DATA SECTION below:
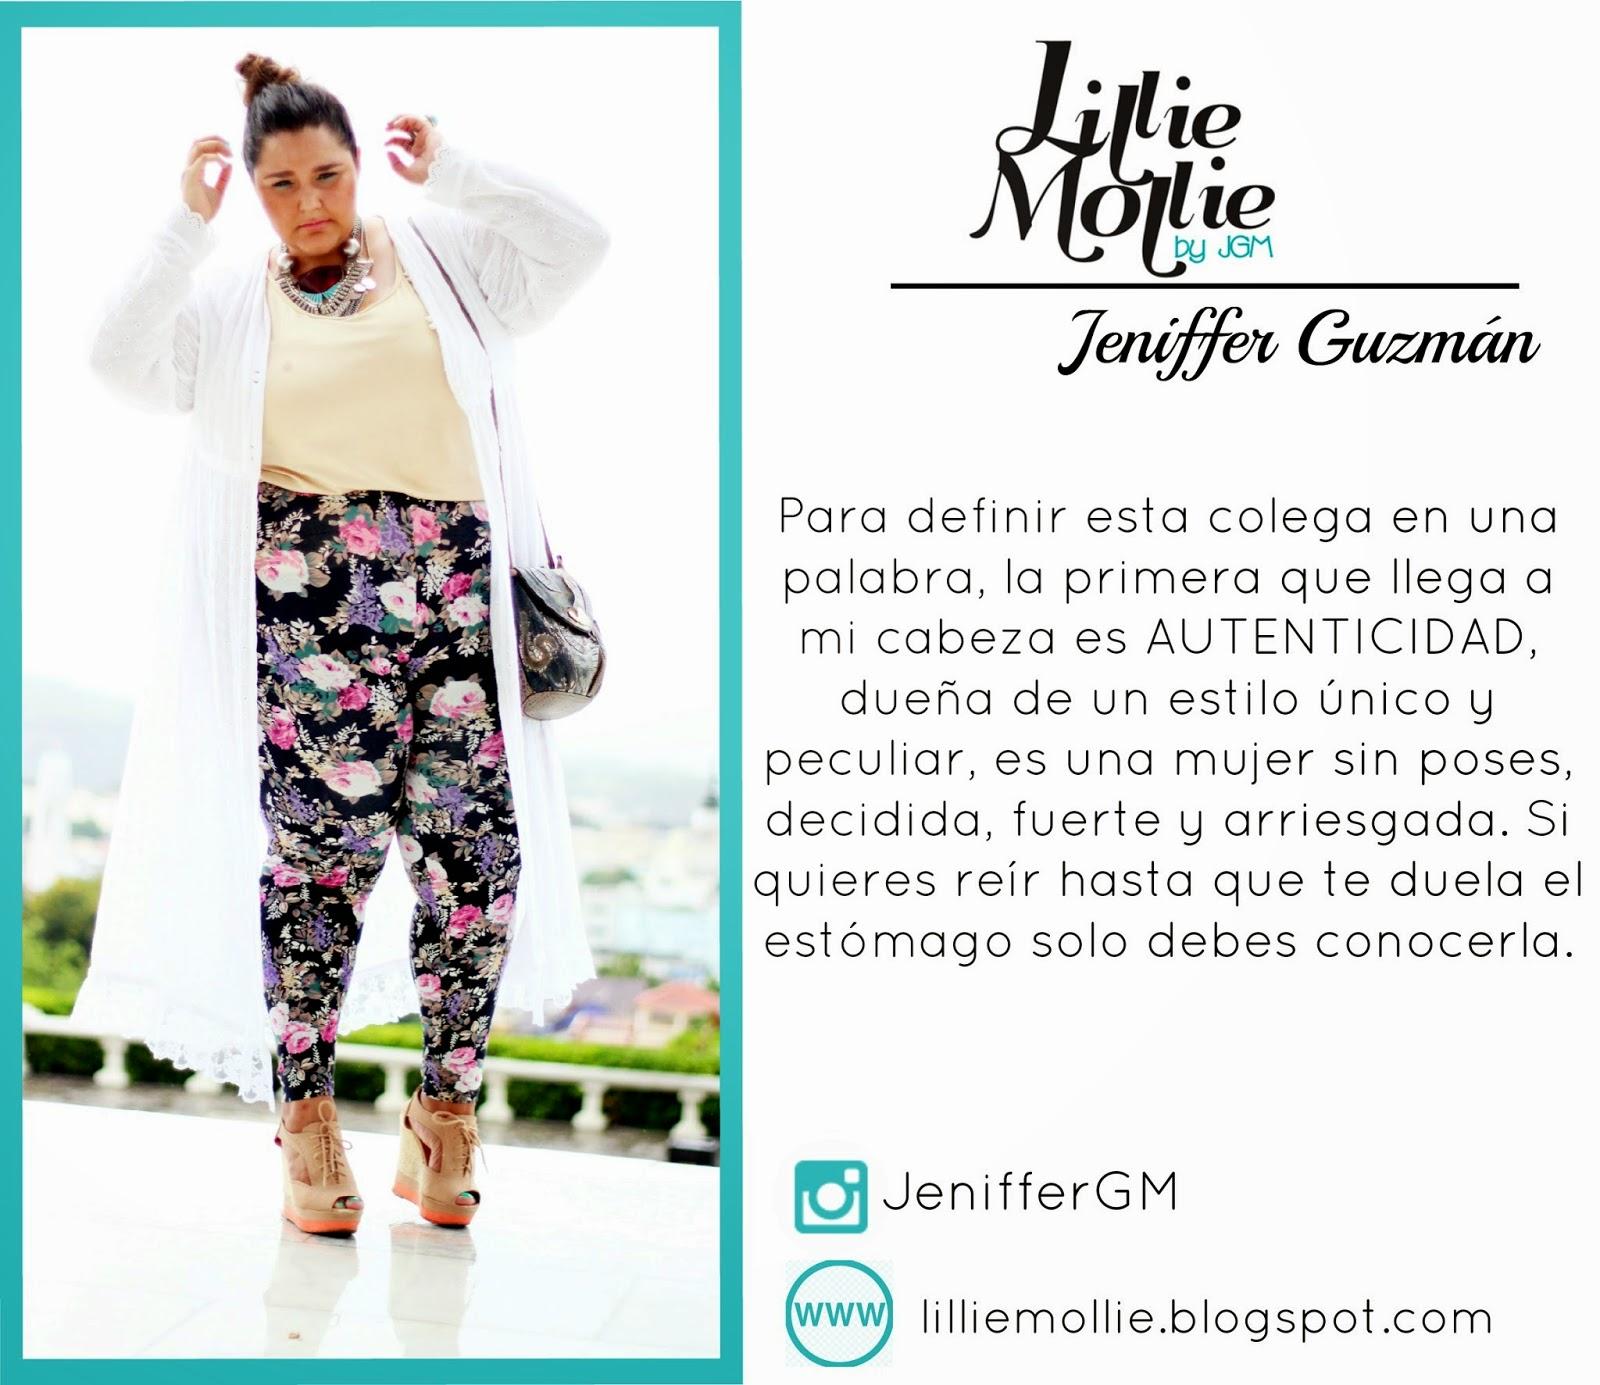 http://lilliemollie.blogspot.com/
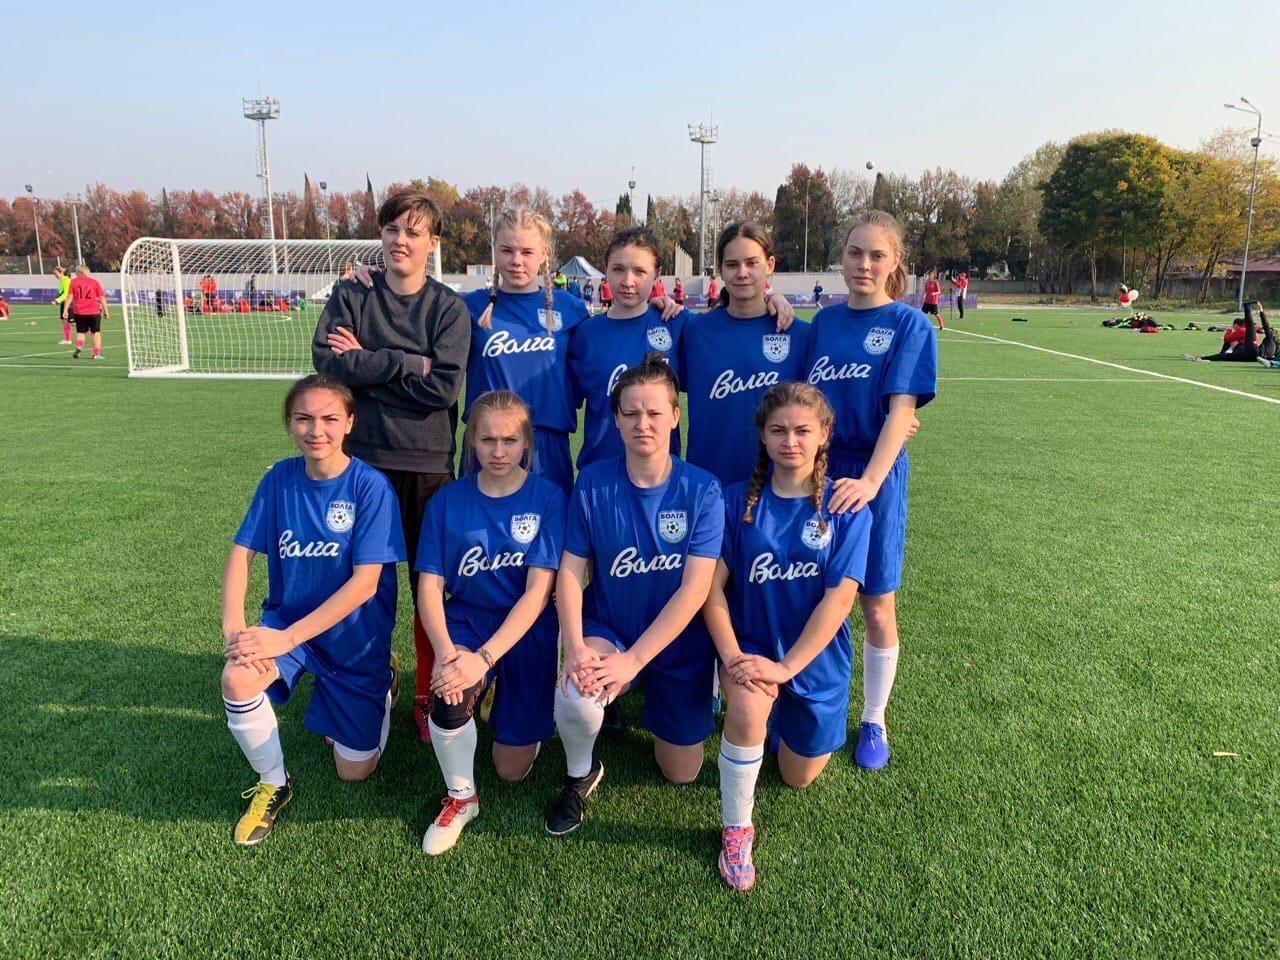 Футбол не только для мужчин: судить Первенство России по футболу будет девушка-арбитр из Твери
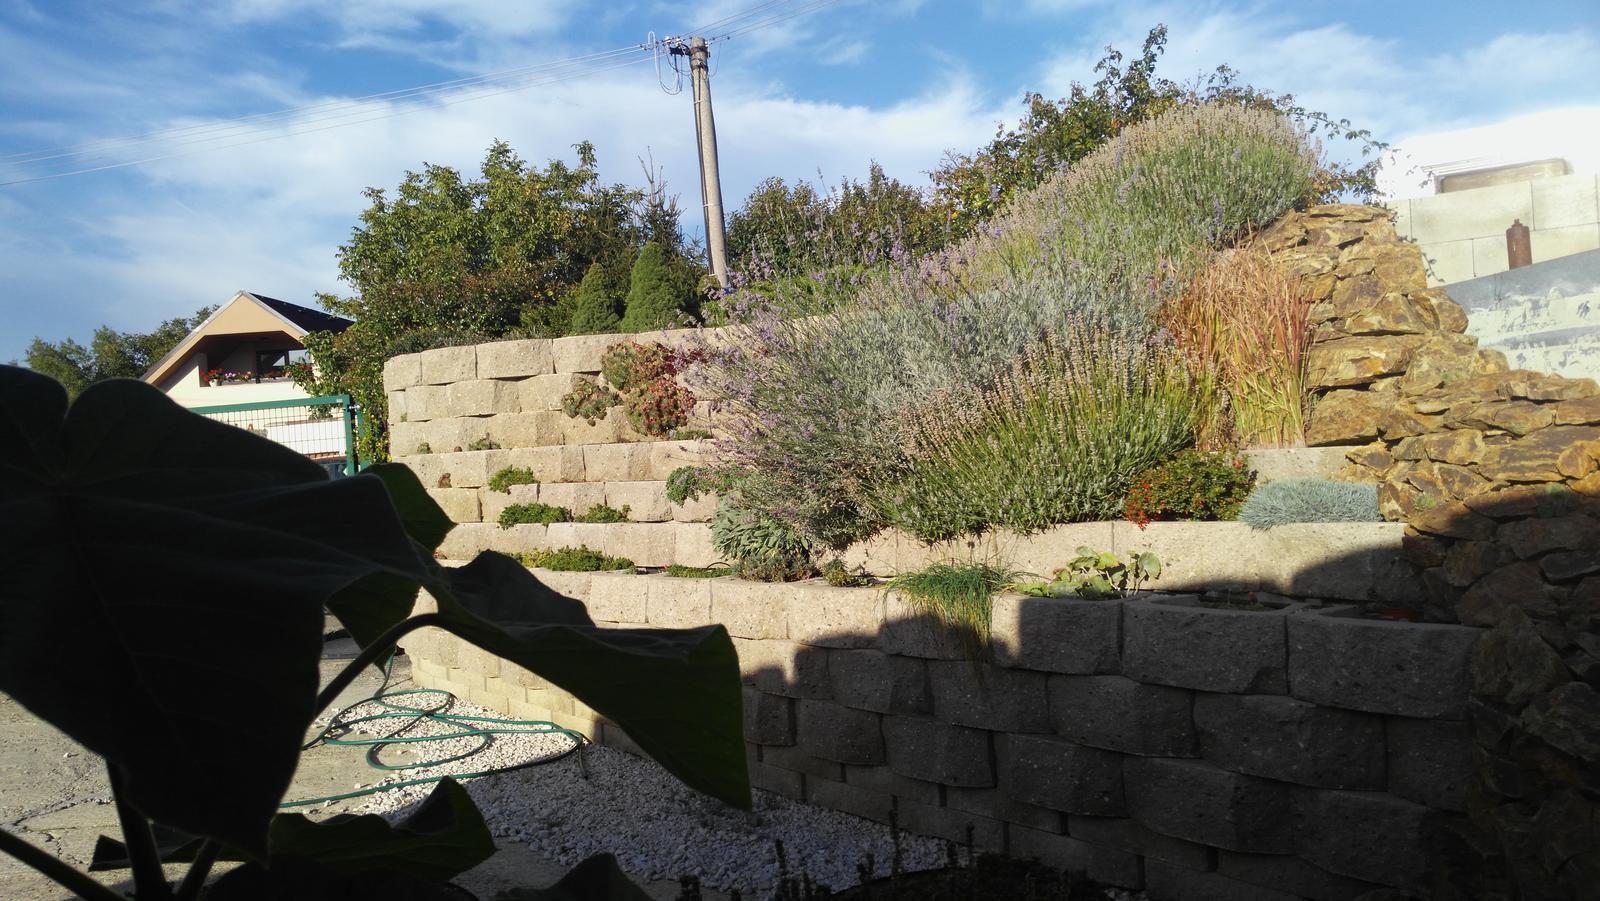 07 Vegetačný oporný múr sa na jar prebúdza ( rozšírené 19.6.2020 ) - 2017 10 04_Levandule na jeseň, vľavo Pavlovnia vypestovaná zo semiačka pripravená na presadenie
End of DATA SECTION.
## ABOUT THIS TASK
Without the pictures, return the whole of the data exactly as given.

## FINISHED TASK
 http://lilliemollie.blogspot.com/
 Футбол не только для мужчин: судить Первенство России по футболу будет девушка-арбитр из Твери
 07 Vegetačný oporný múr sa na jar prebúdza ( rozšírené 19.6.2020 ) - 2017 10 04_Levandule na jeseň, vľavo Pavlovnia vypestovaná zo semiačka pripravená na presadenie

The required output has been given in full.